The iris dataset is a toy dataset provided by many libraries of Python, such as sci-kit-learn, and it is often used in machine learning and data science because of its simple understanding and well-defined. The iris dataset contains the species of three flowers: Setosa, Versicolor, or Virginica.

There are 150 samples in the iris dataset of three species of iris. There are 4 columns in the iris dataset: the first column shows sepal length, the second column shows the sepal width, the third column shows petal length, the fourth column shows the petal width, and one more column is a target column shows the class of each flower base on the four properties of the flower.

The three species of iris look similar, but the difference is the measurements can be used to classify them. This data set is an example of supervised learning (that contains labels). The input variables are sepal length and width and petal length and petal width; each row shows an input variable or observation.
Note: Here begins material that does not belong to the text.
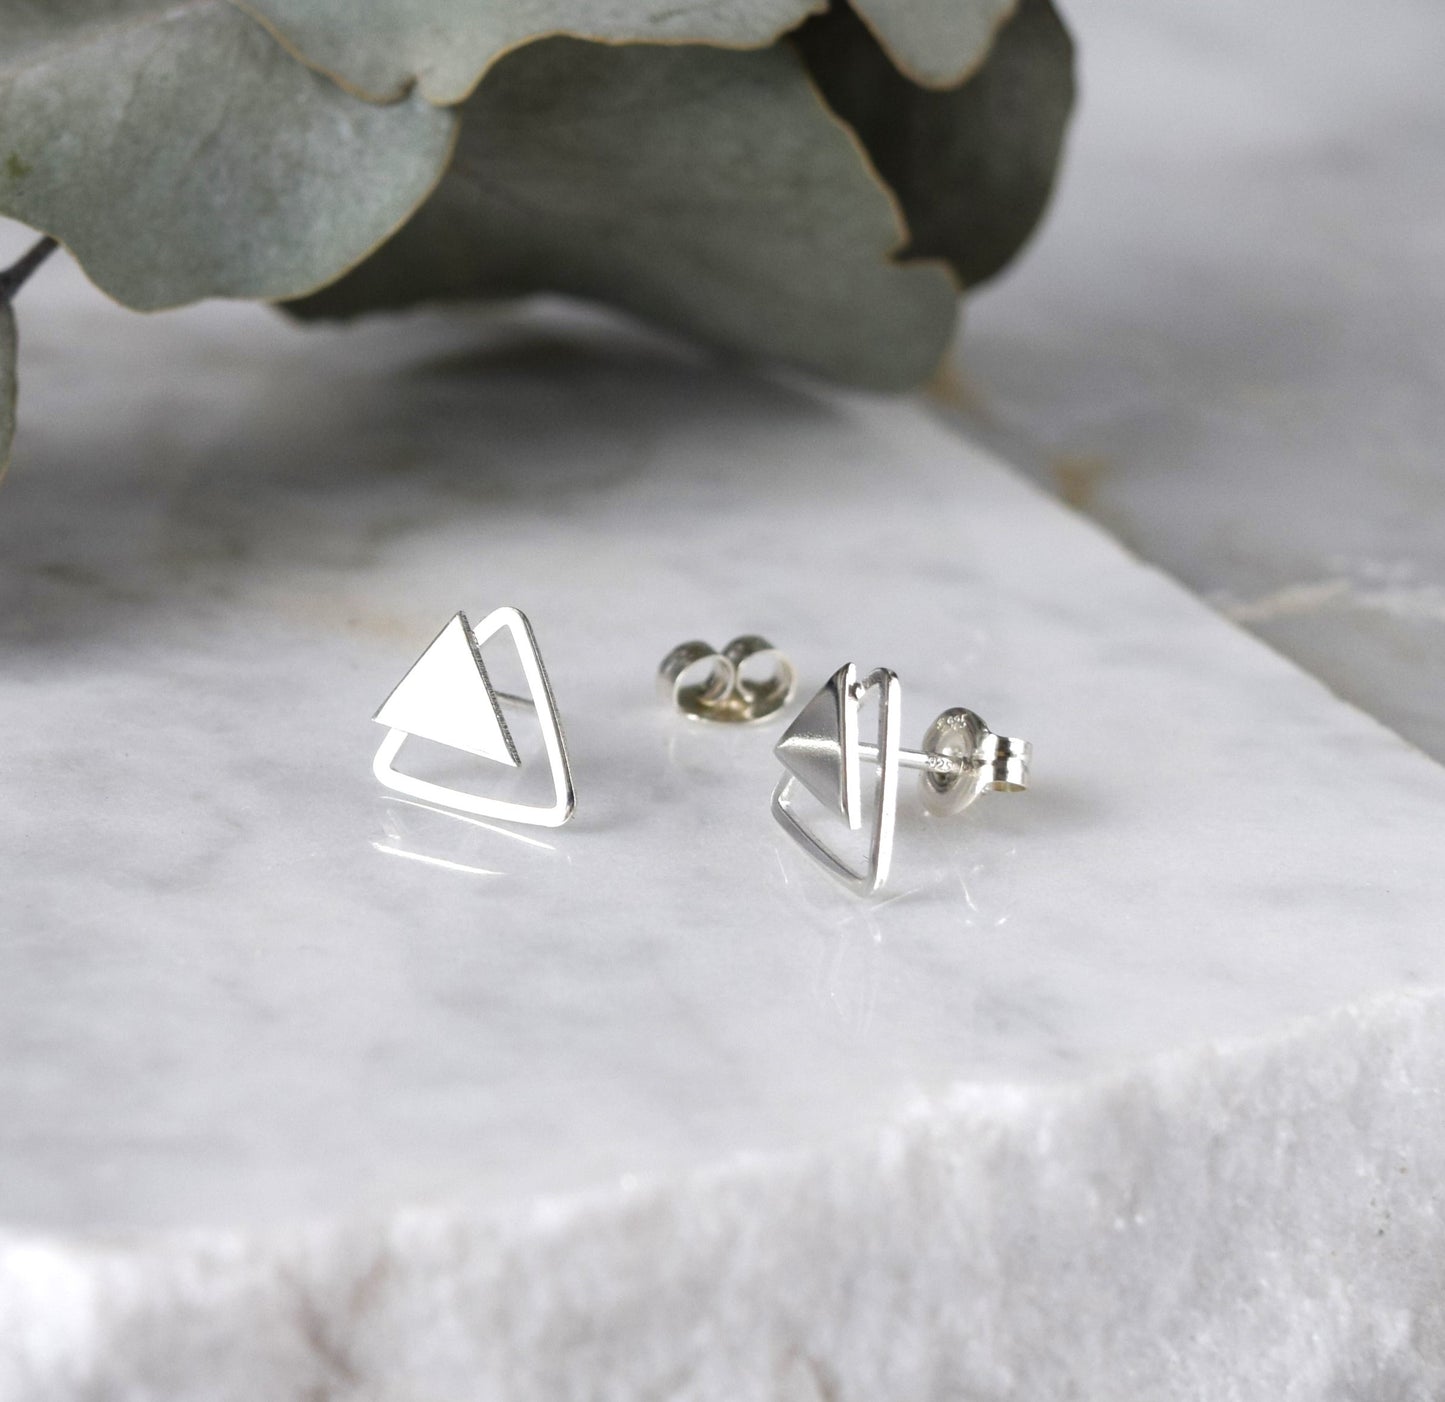 Product image of double triangle earrings on white background

The output variables in the iris dataset are Iris-Setosa, Iris-versicolor, or iris-virginica. Each column shows a class label.

Iris Data Set in Python:

To see the iris dataset in Python, first import the dataset from the scikit-learn library or you can download the structured iris dataset from various platforms like Kaggle.

Code:

from sklearn.datasets import load_iris

iris = load_iris()

iris.keys()

Output:

dict_keys(['data', 'target', 'frame', 'target_names', 'DESCR', 'feature_names', 'filename', 'data_module'])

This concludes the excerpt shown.